> _About this exercise_:
Your output should be the lines below from the one with "Amazing Gluten Free" through the one with "Sweet Melodies - Avslappnande", copied exactly, pictures excluded.

> _Extracted entries_:
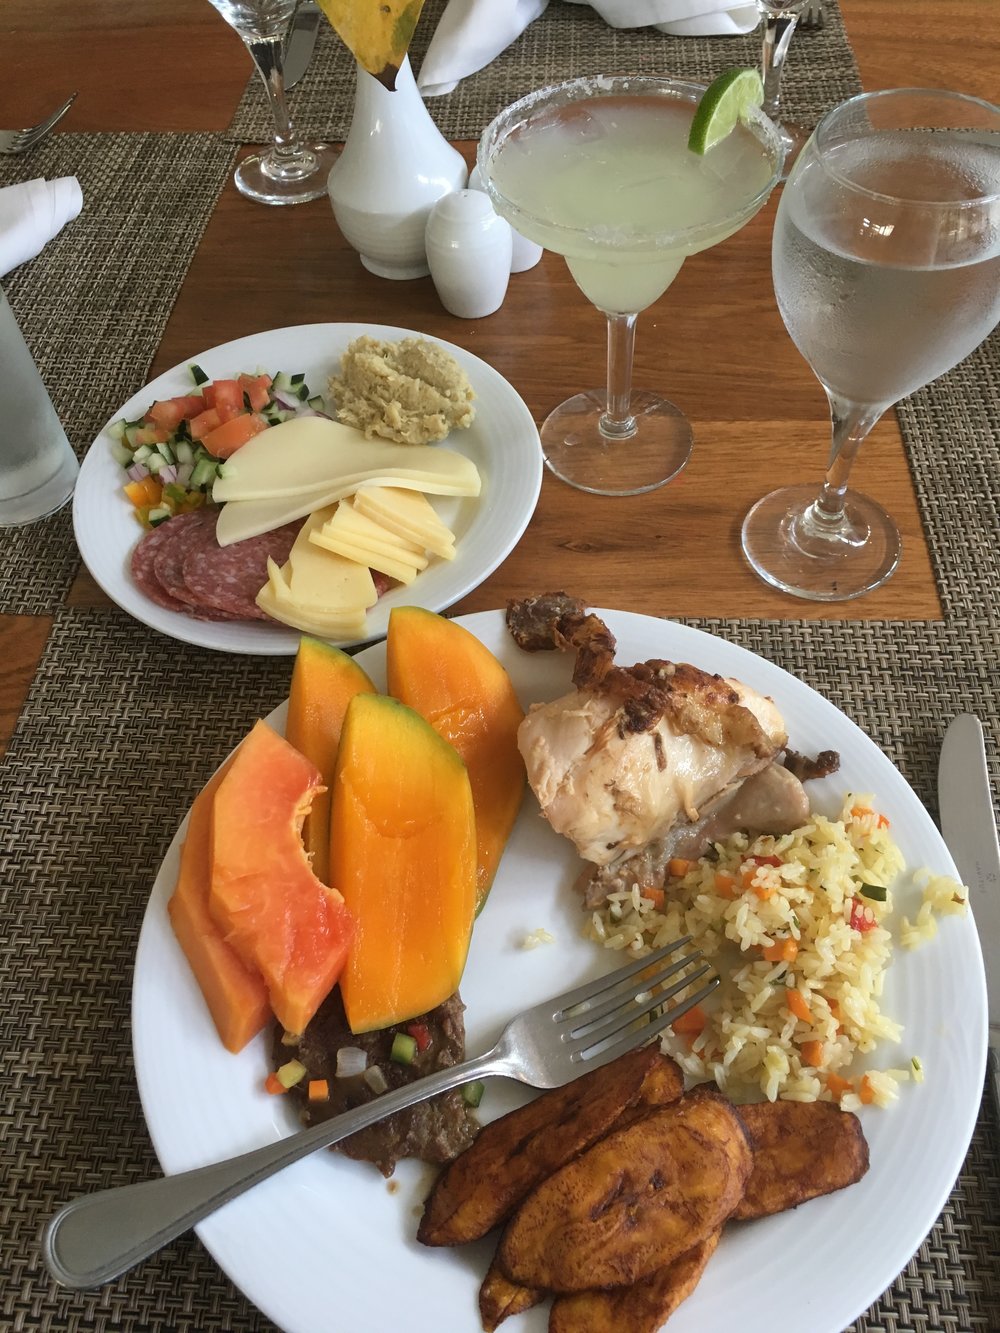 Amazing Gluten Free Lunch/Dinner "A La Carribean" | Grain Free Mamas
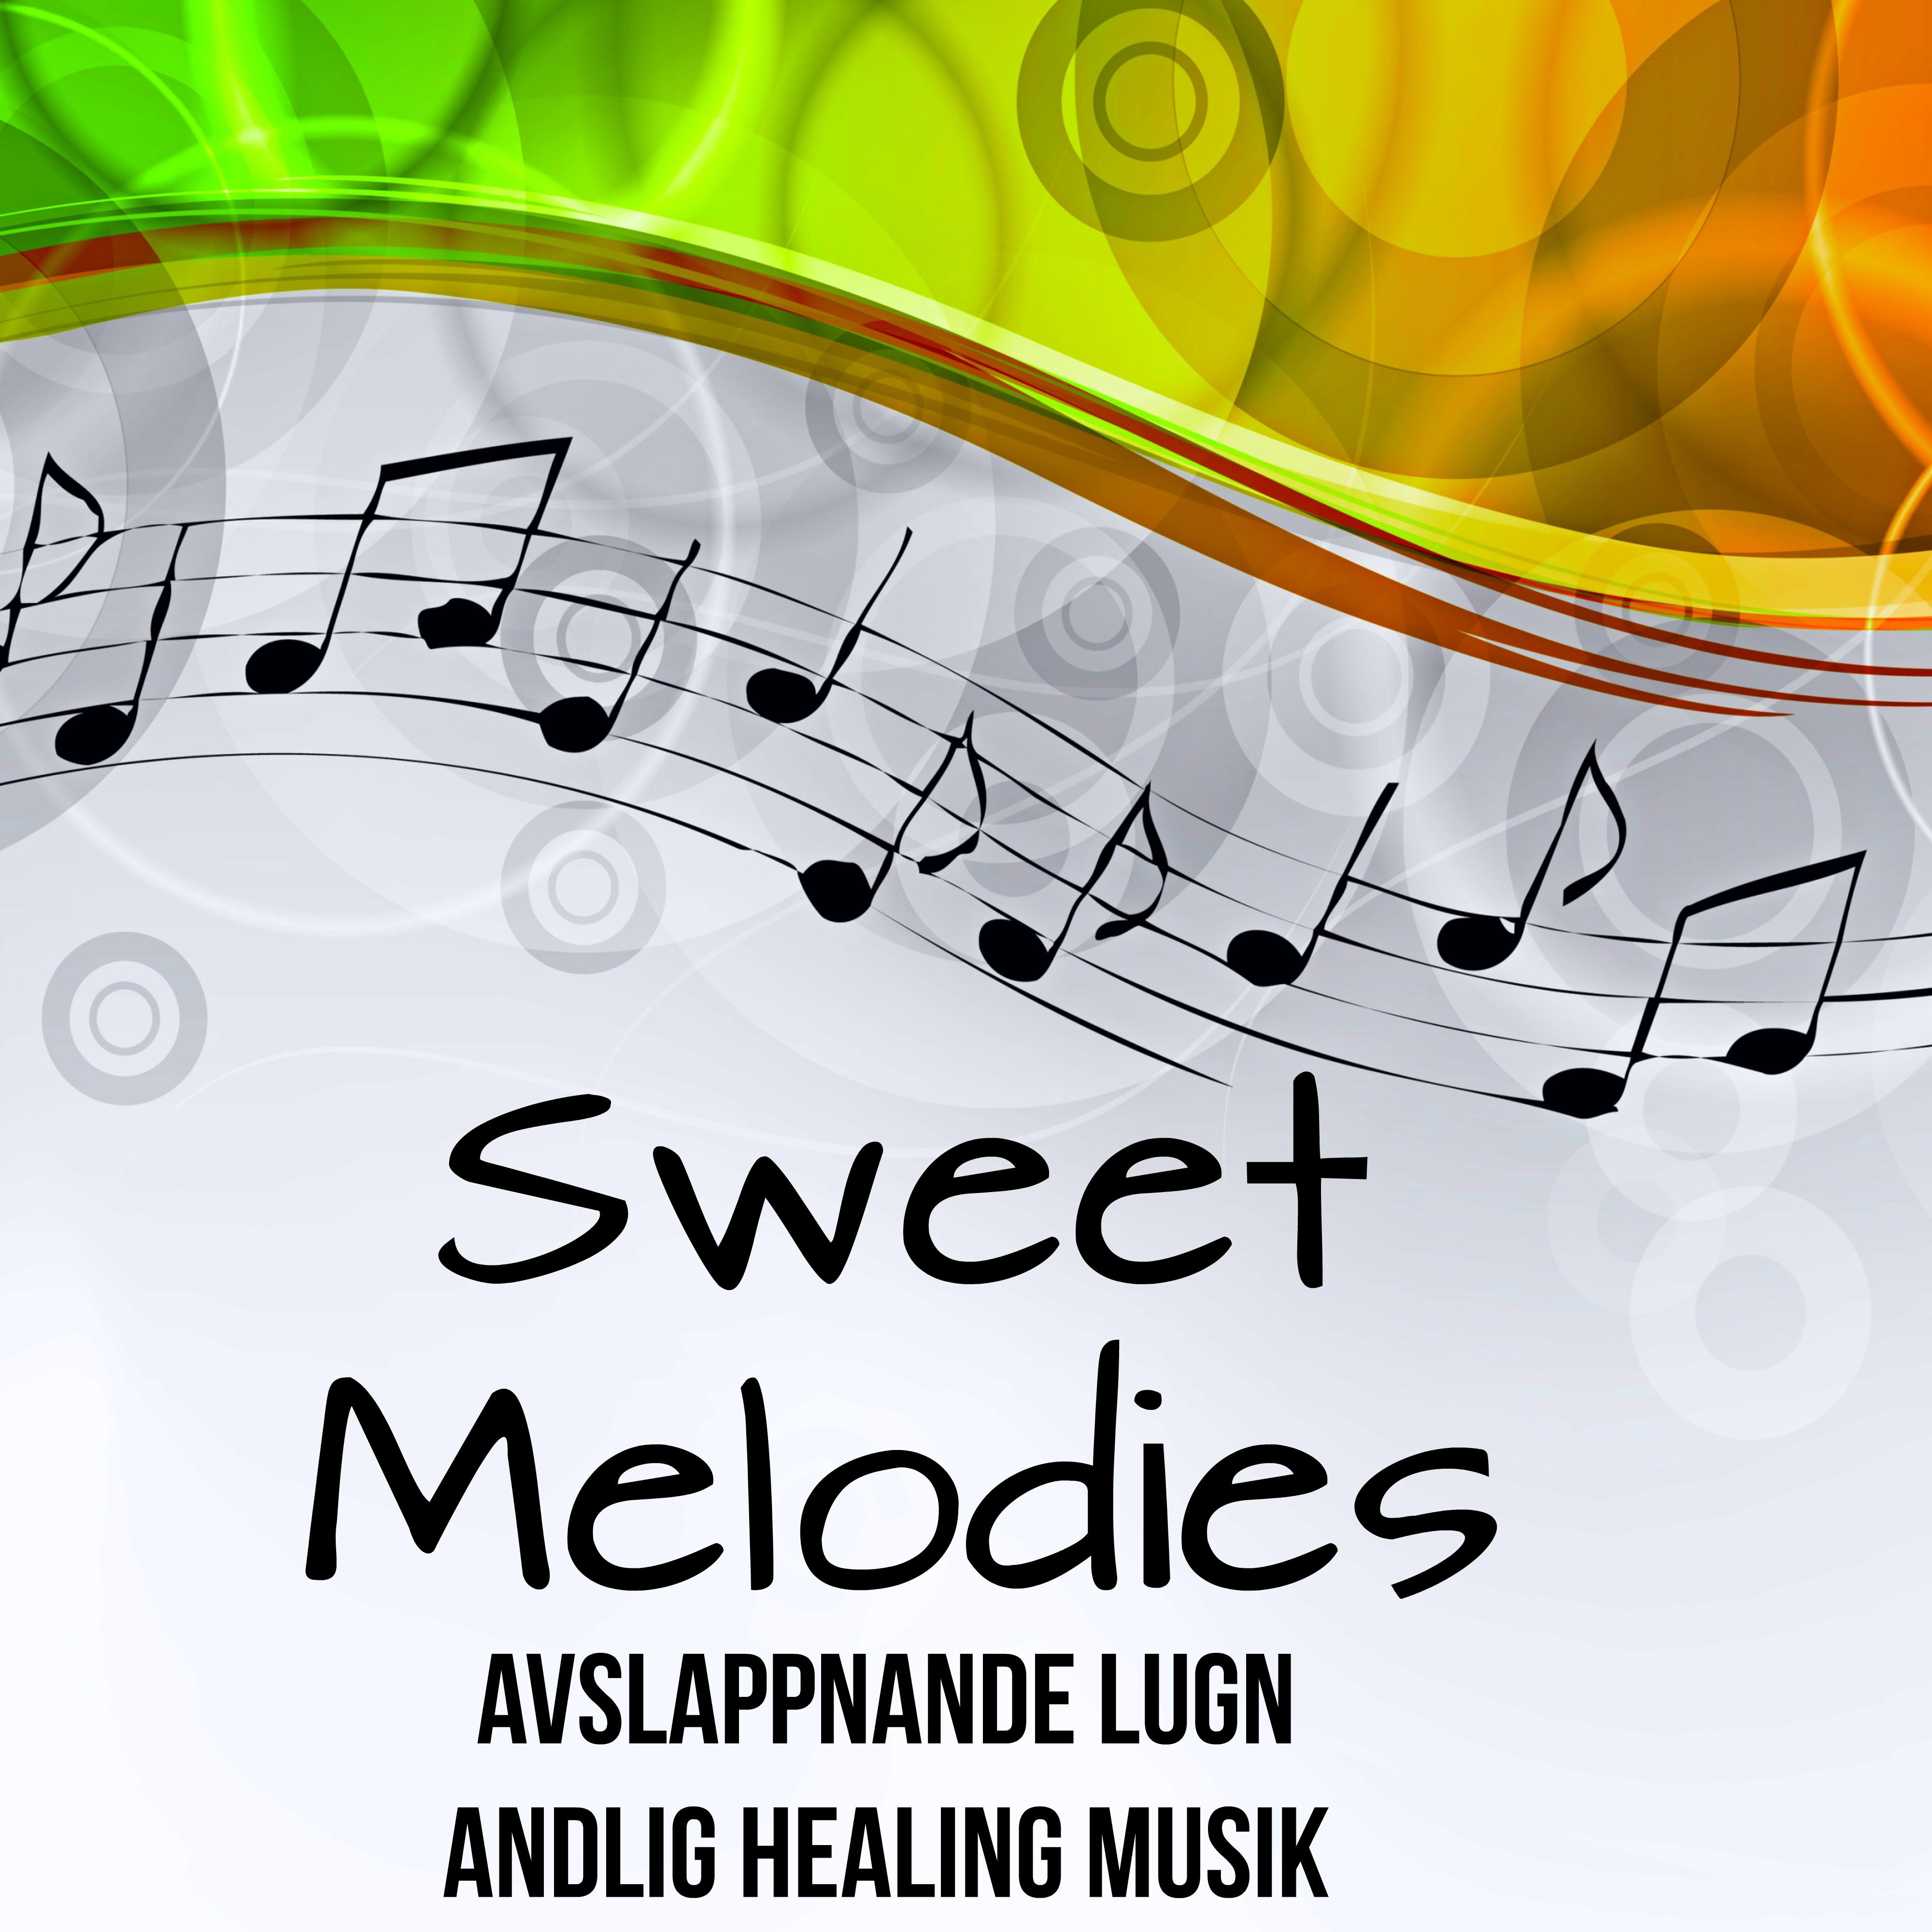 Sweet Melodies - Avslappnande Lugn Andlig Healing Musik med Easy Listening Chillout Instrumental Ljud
==
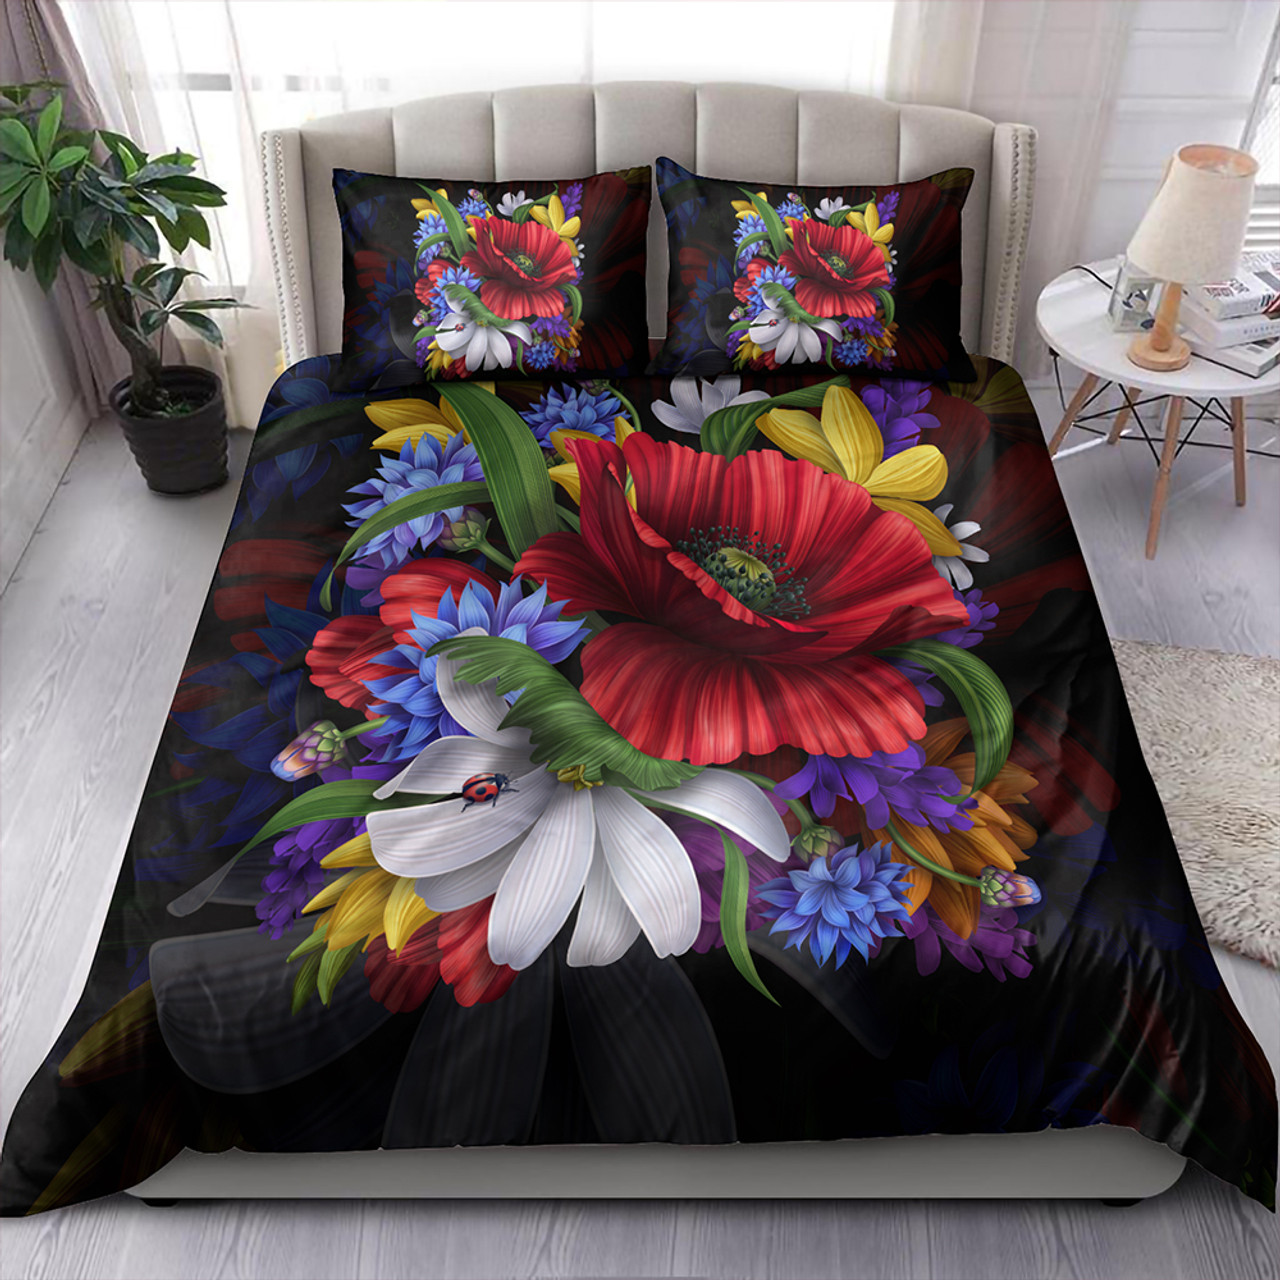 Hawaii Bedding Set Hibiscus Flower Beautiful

> _Task output_:
 Amazing Gluten Free Lunch/Dinner "A La Carribean" | Grain Free Mamas
 Sweet Melodies - Avslappnande Lugn Andlig Healing Musik med Easy Listening Chillout Instrumental Ljud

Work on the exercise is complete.